×

500 plus wyłącznie dla pracujących? „Rodzin patologicznych nie można wspierać”

500 plus wyłącznie dla pracujących? „Rodzin dysfunkcyjnych, patologicznych, nie można niestety wspierać dodatkowymi pieniędzmi” – stwierdził prof. Julian Auleytner, pomysłodawca programu 500 zł na dziecko. Zdaniem profesora świadczenie powinno być boźdzcem do powrotu do pracy i być wypłacane tylko tym, którzy uczciwie zarabiają na swoje życie.

Świadczenie wychowawcze na każde dziecko

Flagowy program rządu Zjednoczonej Prawicy istnieje już od blisko 6 lat (program wszedł w życie 1 kwietnia 2016 roku). Od samego początku świadczenia jest to temat, który nieustannie dzieli Polaków.

Przypomnijmy, że 500 plus jest wypłacane na każde dziecko do ukończenia przez nie 18. roku życia, bez względu na dochody rodziny. Celem świadczenia jest pokrycie wydatków związanych z wychowywaniem dziecka, opieką i zaspokojeniem jego potrzeb życiowych.

500 plus miało również za zadanie zwiększyć dzietność wśród Polaków. Rządowy program nie zdaje jednak egzaminu w tym zakresie. Jest coraz gorzej i wiele wskazuje na to, że kryzys demograficzny będzie się pogłębiał.

500 plus wyłącznie dla pracujących. „Rodzin dysfunkcyjnych, patologicznych, nie można niestety wspierać dodatkowymi pieniędzmi”

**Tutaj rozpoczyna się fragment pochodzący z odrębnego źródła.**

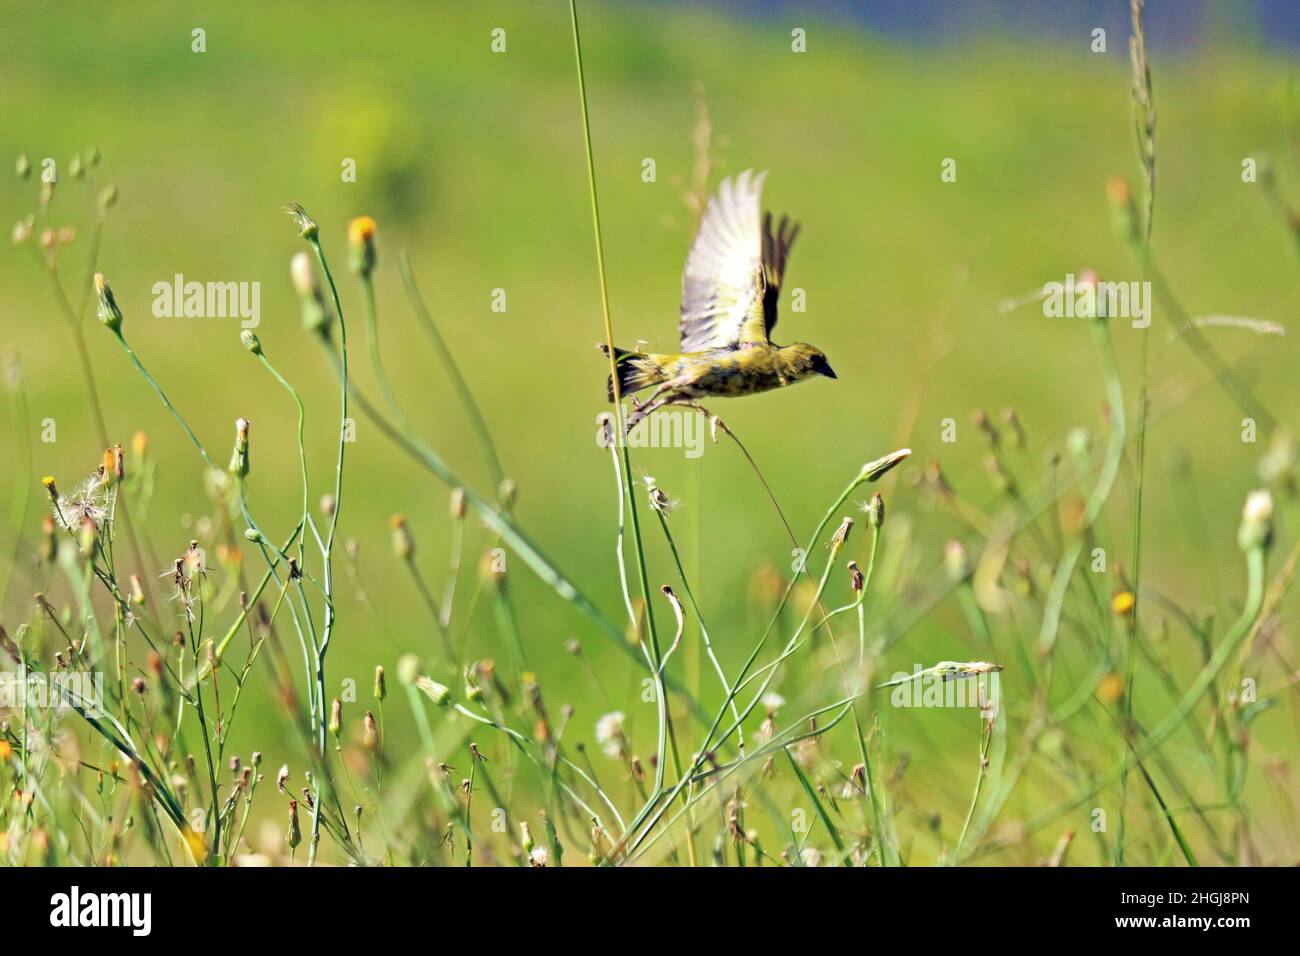 Uccello che prende il volo, in mezzo al sottobosco di erbe fiorite. Un'immagine di motivazione. Foto Stock

500 plus jest pomysłem prof. Juliana Auleytnera, który po raz pierwszy wspomniał o programie jeszcze w 2011 roku podczas prac nad programem gospodarczym partii Polska Jest Najważniejsza. Partia ostatecznie zniknęła z polityki, ale pomysł na wsparcie pozostał na politycznym stole. Jego cząstka pozostała w programie wprowadzonym 6 lat temu przez PiS, choć cała idea różni się od pierwotnego pomysłu profesora.

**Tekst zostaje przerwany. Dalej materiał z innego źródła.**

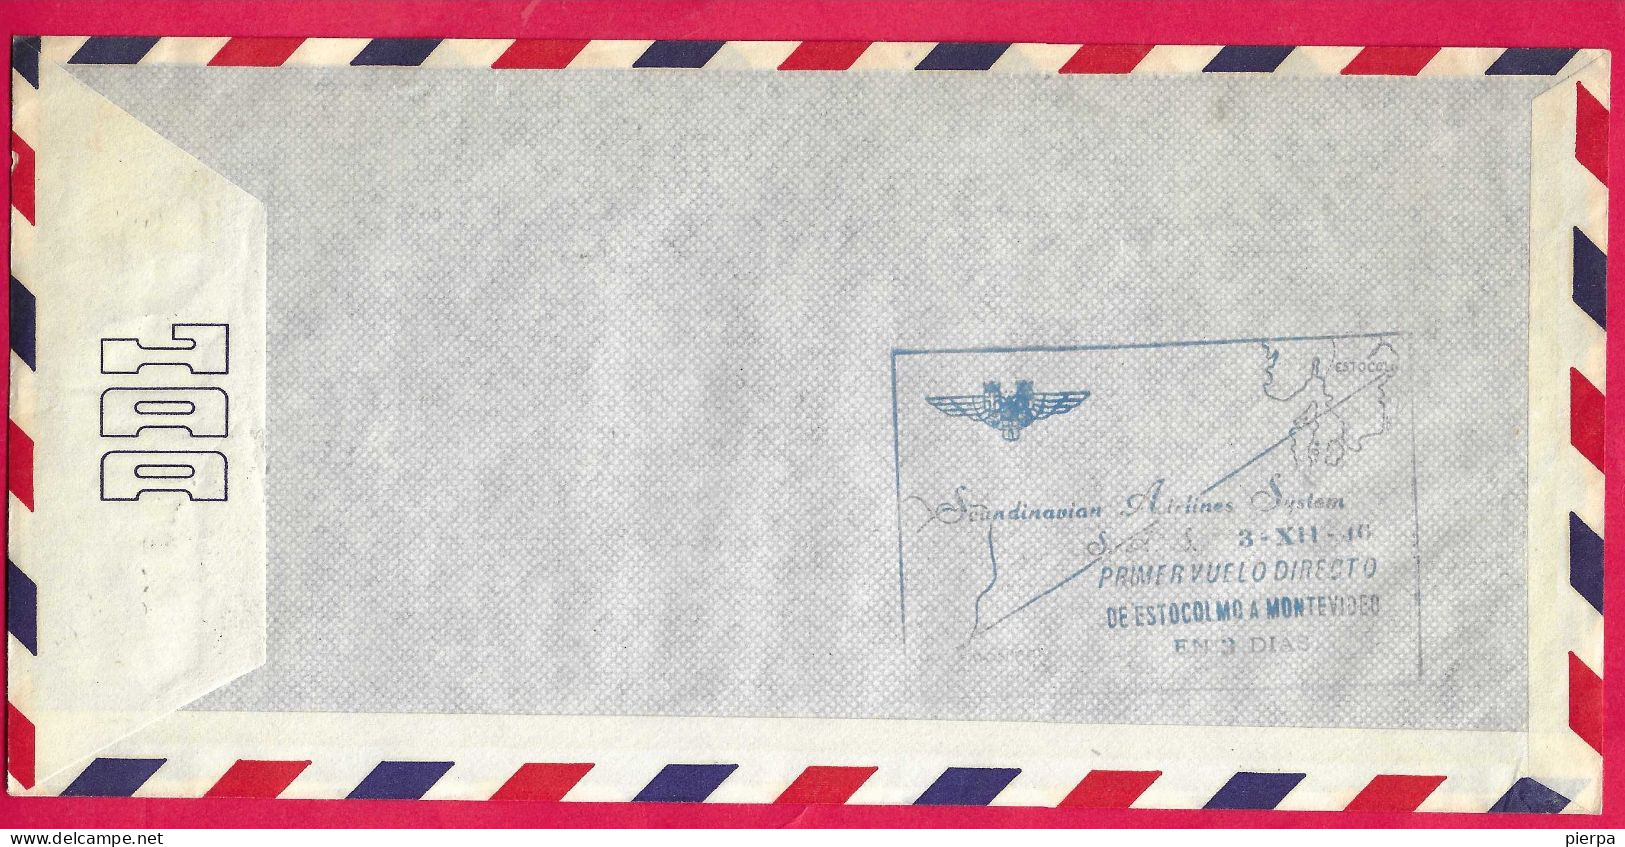 DANMARK - FIRST FLIGHT LUFTHAVN FROM KONEHAVN TO MONTEVIDEO * 30.11.1946* ON COMMERCIAL SIZE ENVELOPE - Posta Aerea

Prof. Auleytner podkreśla, że świadczenie, które miało wynosić 100 euro, nie miało być programem socjalnym, a wsparciem dla rozwoju dzieci rodziców pracujących. Rodziców, którzy faktycznie będą przeznaczać pieniądze na rozwój dziecka.

W przypadku programu „Rodzina 500+” mamy do czynienia z inwestycją długofalową w dziecko, które przecież jest przyszłym podatnikiem. Ubóstwo dzieci dziś – ale nie tylko ekonomiczne, również edukacyjne – uderza przyszłościowo również w gospodarkę. W związku z tym powinna nas interesować jakość tego programu, a nie sam efekt. Czy po sześciu latach realizacji programu możemy z ręką na sercu powiedzieć, że poziom wykształcenia Polaków wzrósł? Że poziom zdrowotności dzieci wzrósł? I że miał na to wpływ gigantyczny transfer pieniędzy?

– pyta rozżalony prof. Auleytner podczas wywiadu dla Wirtualnej Polski.

„Cały system zasiłków i dodatkowe pieniądze (…) nie zachęcają do wyjścia z kryzysu”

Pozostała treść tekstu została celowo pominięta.